_Records for the exercise_.
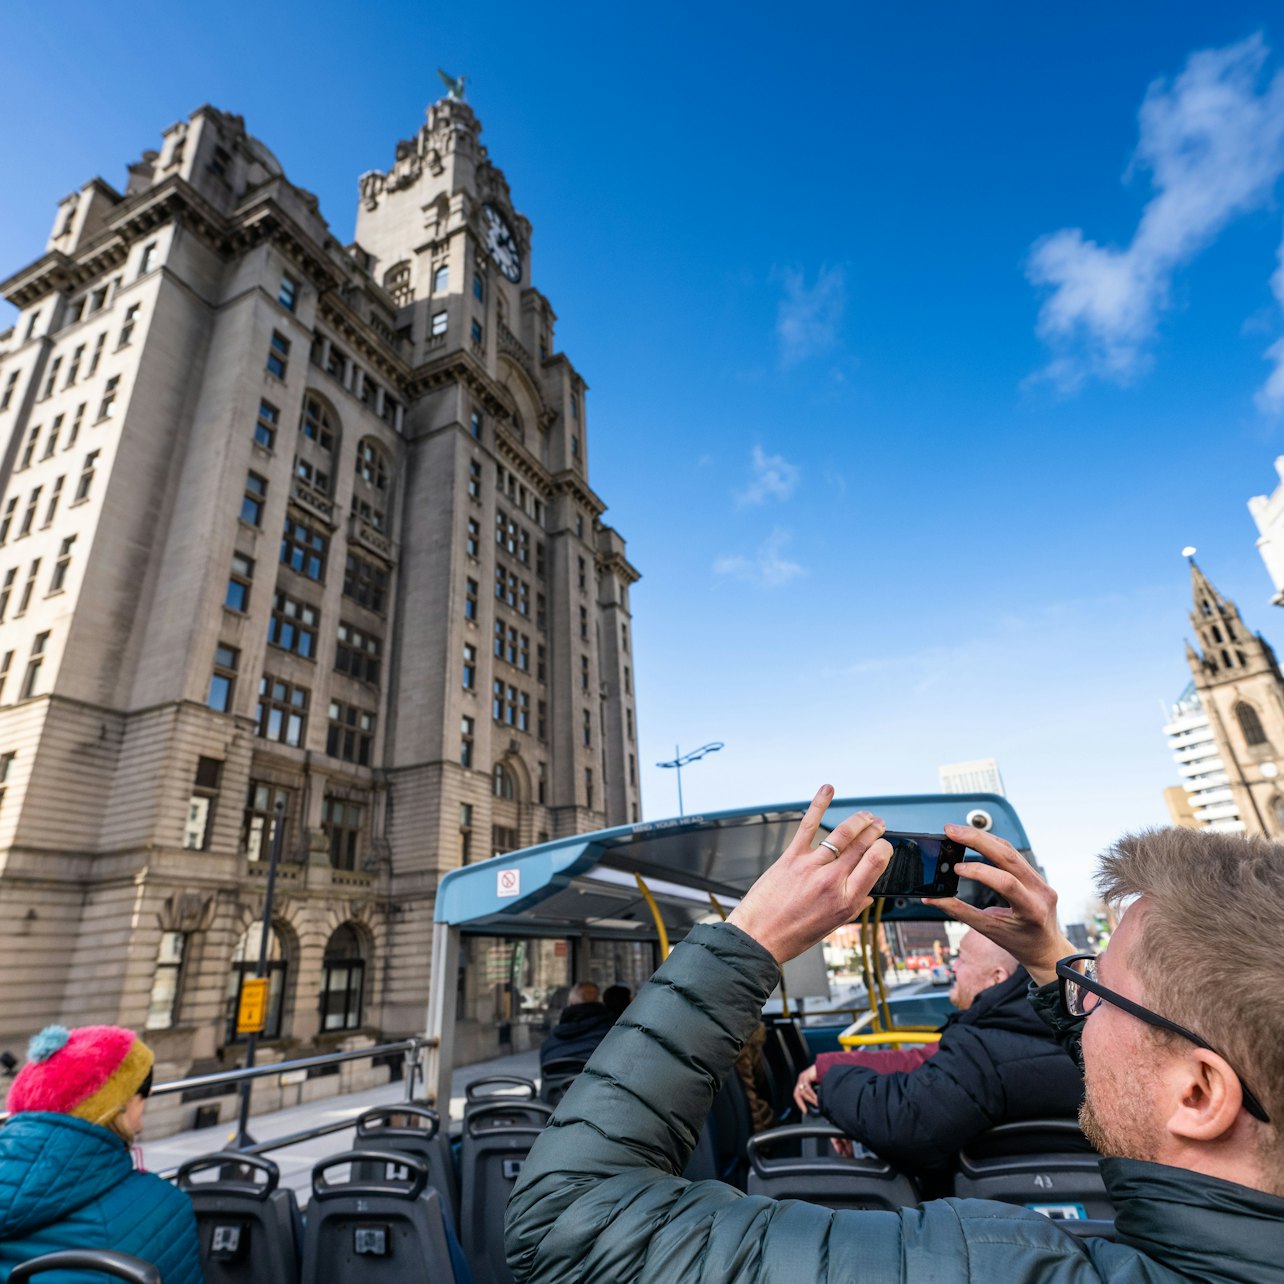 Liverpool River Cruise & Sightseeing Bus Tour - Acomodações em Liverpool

...

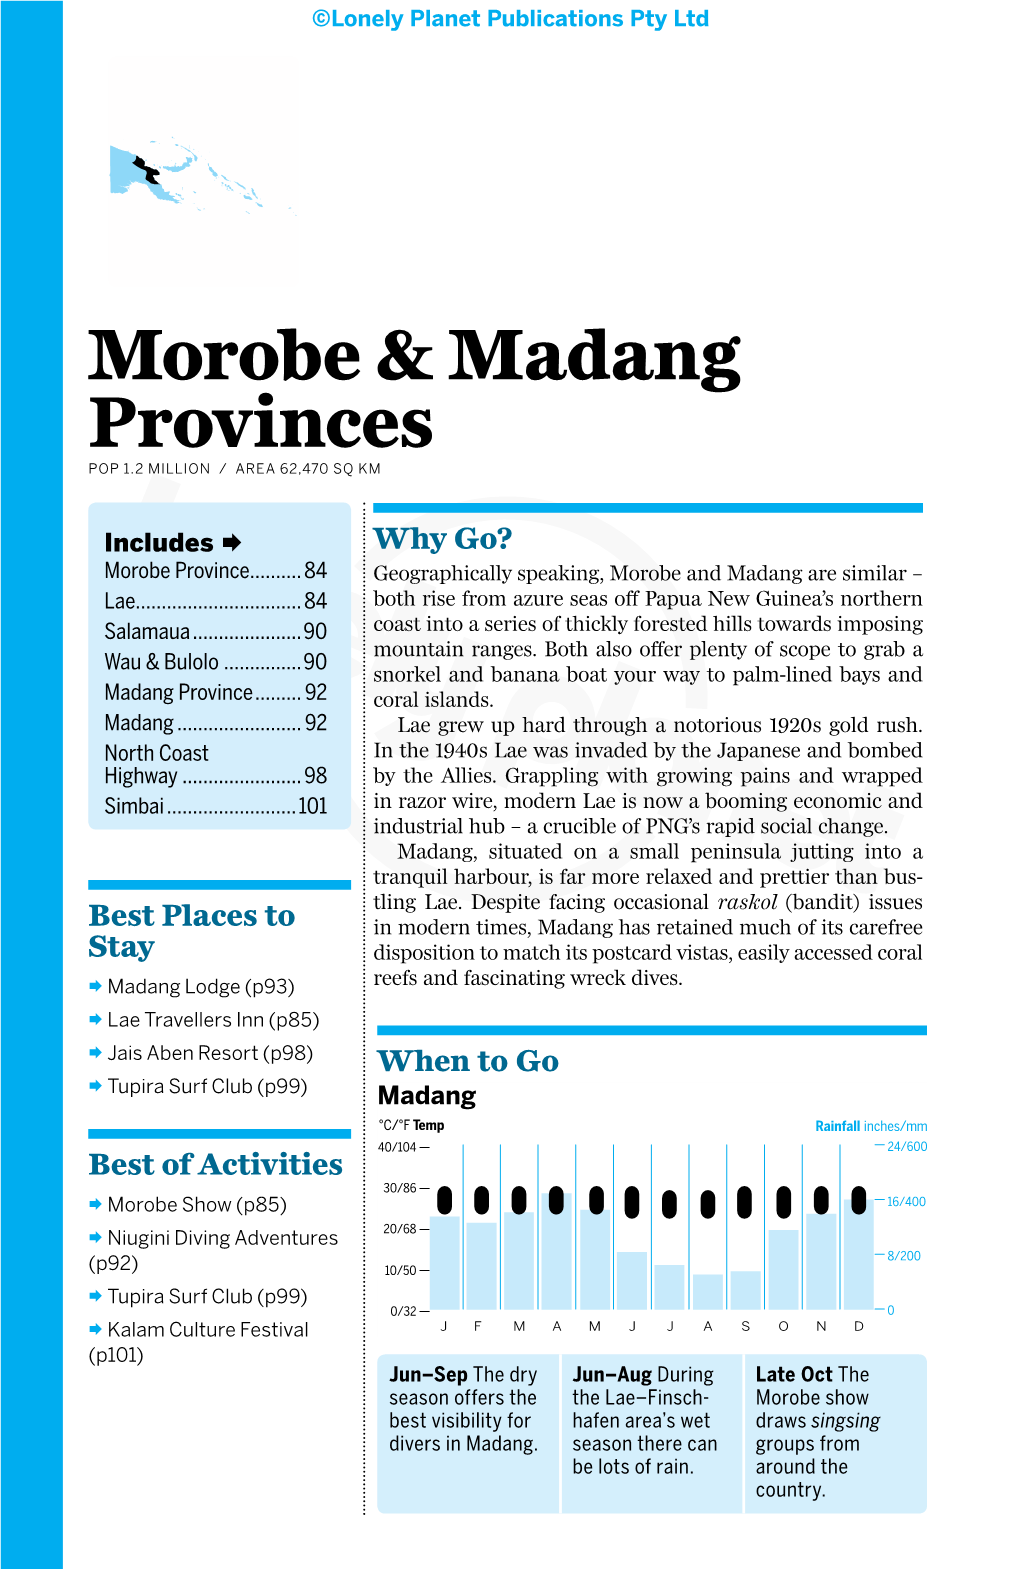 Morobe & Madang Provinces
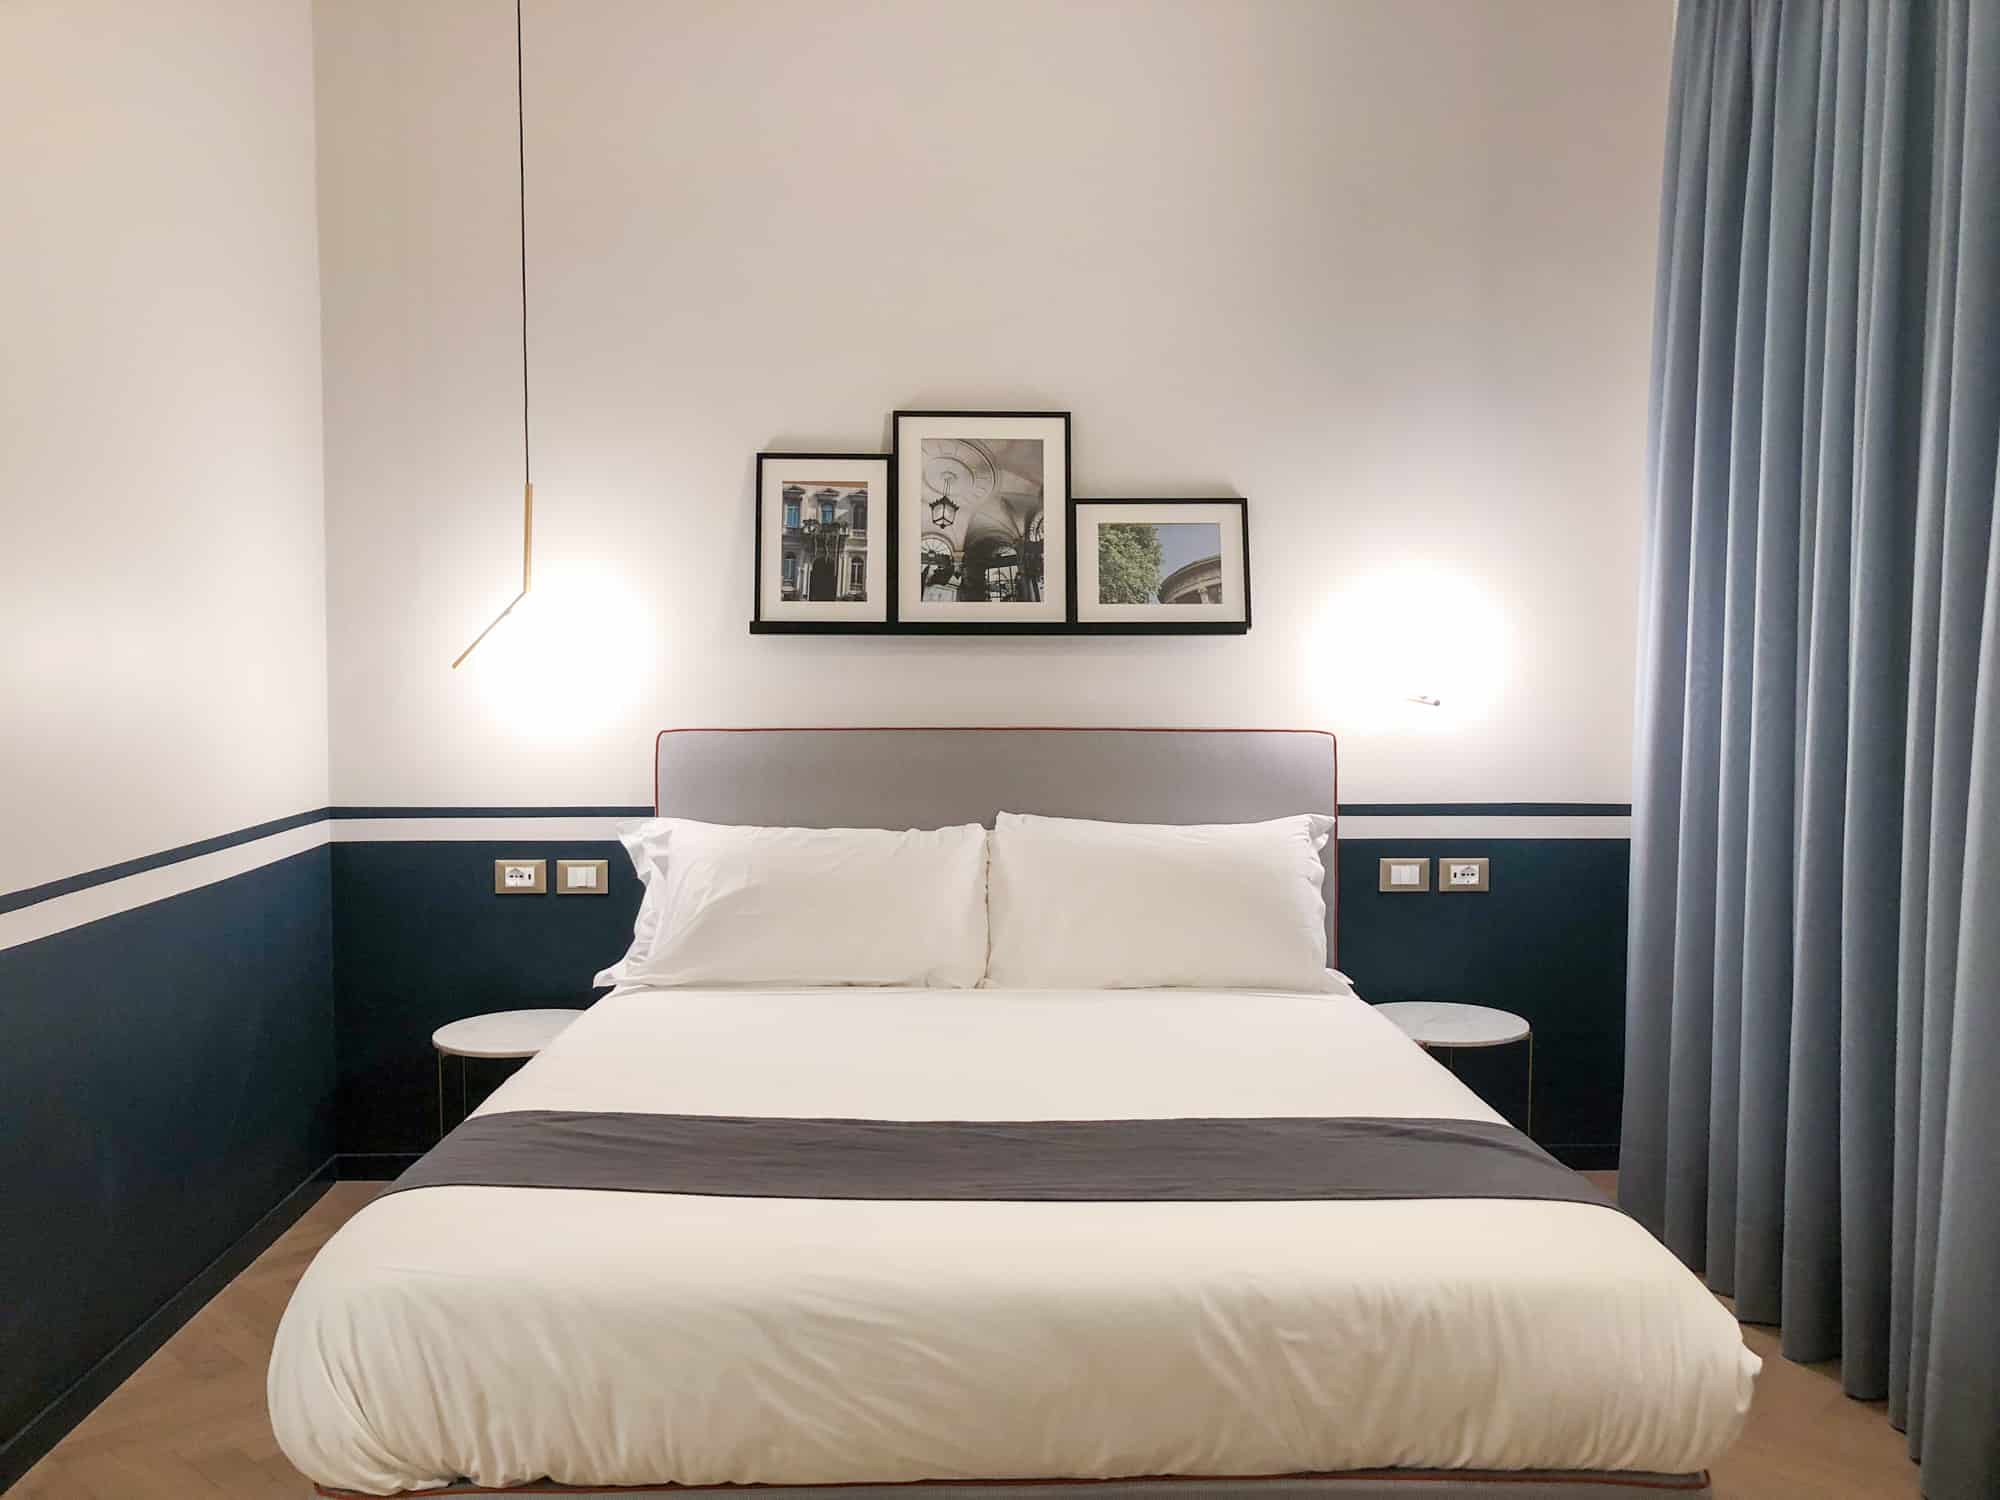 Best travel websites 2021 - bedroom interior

_Exercise instructions_.
Transcribe only the lines above that start at the line containing "Morobe & Madang Provinces" and end at the line containing "Best travel websites 2021 - bedroom interior". Omit pictures.

_Exercise solution_.
 Morobe & Madang Provinces
 Best travel websites 2021 - bedroom interior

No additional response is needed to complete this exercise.